Mother nodded in understanding, clearly not liking it one bit. Free-lance trappers in urban areas sometimes put spring-traps around parks where the local wildlife has learned there’s easy scavenging. Most of what they injure are considered varmints- possums, racoons, nutria. If the creature gets free, crippled, it won’t manage to survive long against its natural enemies. While some look askance at injuring smaller, fuzzier animals, there are no restrictions on trapping or killing coyotes. The urban and suburban rancher mentality continues to see them as competition, and their hides are still worth a few dollars in bounty, no questions asked. My mother frowned at several things, all at once.

“Can we help?” she asked. The coyote regarded us for a moment, shook his head. “You look like you’re fading.” The coyote stretched, nonchalantly, pretending for a moment to be feeling nothing. The wild things prefer to give no clues to a watcher.
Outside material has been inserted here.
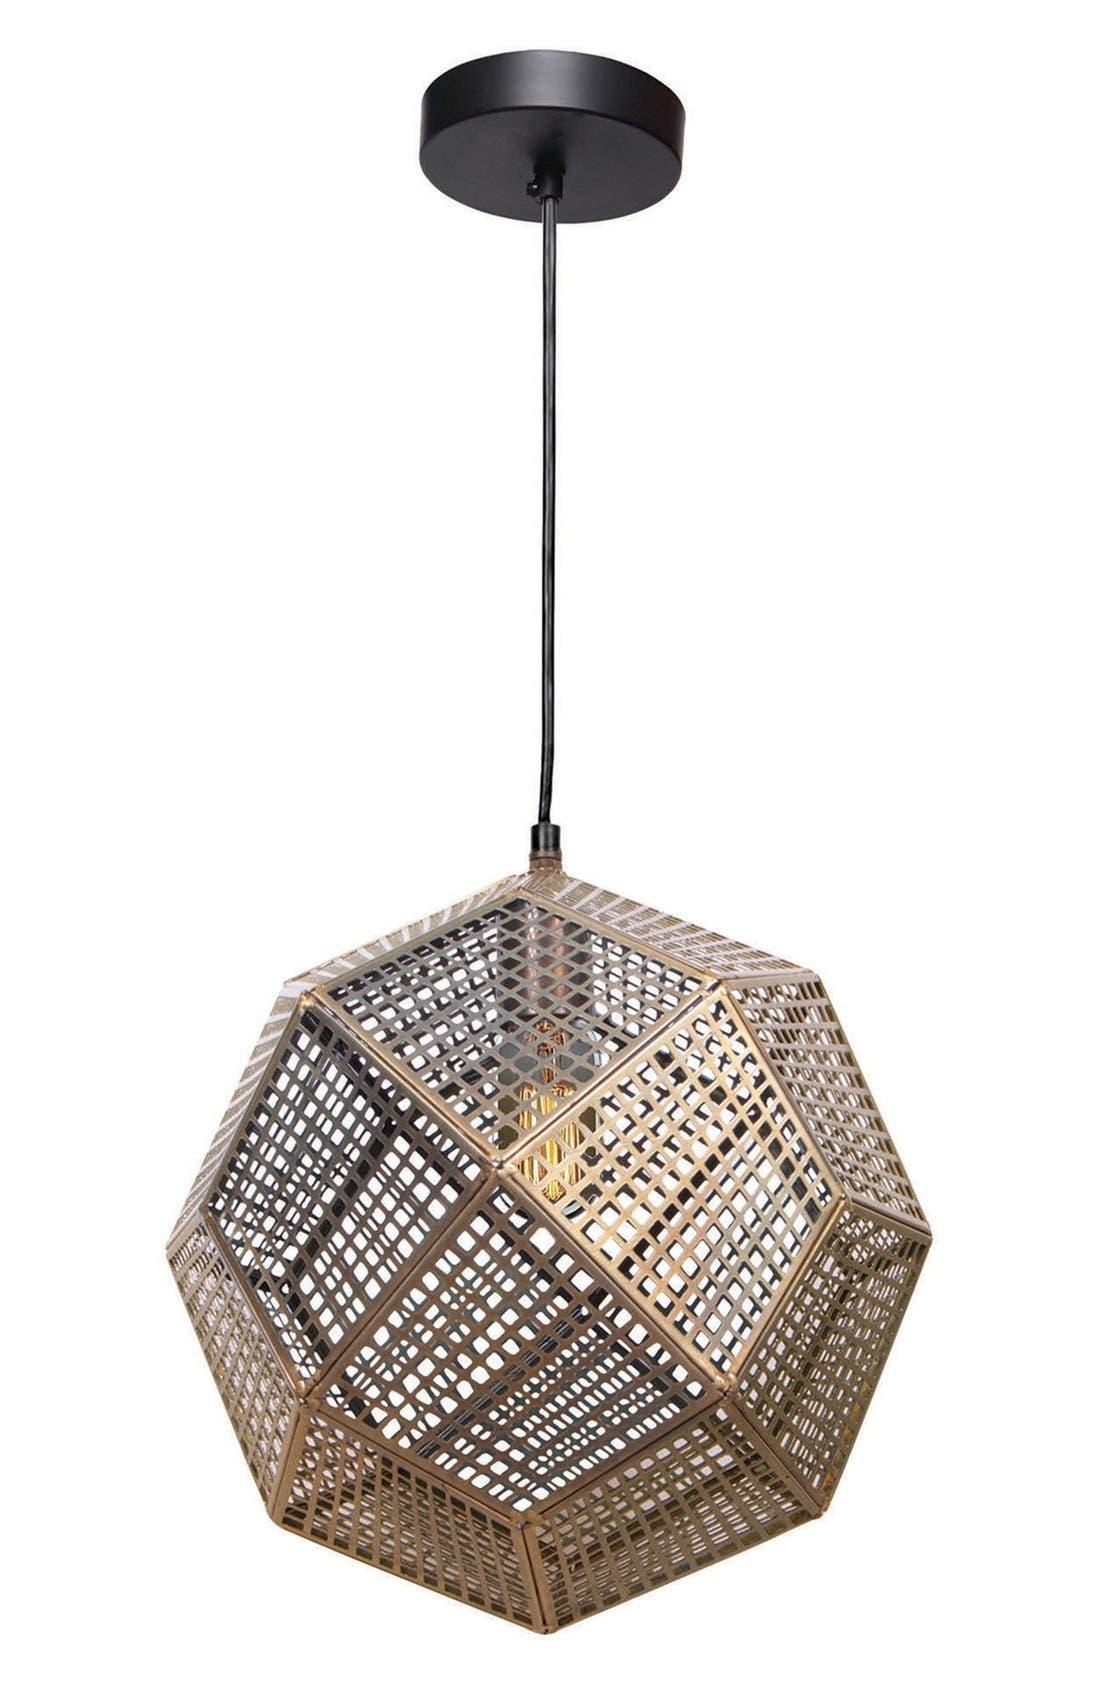 'Skars' Ceiling Light Fixture,                         Main,                         color, 220

“My heart was more damaged by iron than was my foot,” he replied graciously, and my mother nodded to him in promise. In an instant the coyote had disappeared completely, invisible in the bushes. My mother lifted her upper lip on the right side in a slight curl, showing one of her canines. It was a look I remembered well. If the trap-setters weren’t already proven to be the sort of spineless scum the planet could well do without, one could almost feel sorry for them. Our eyes met, and we exchanged faint smiles. My mother’s smile is particularly feral, and if I ever saw it focused upon me in such a fashion, I would shiver.

“My dear,” she began genially, as she continued to look at me without blinking, “do you, perhaps, fancy a walk in the park?” Nodding, I offered her my arm. “I find myself entirely fascinated to see who might be coming by the playground this morning, to check on their mechanical devices.”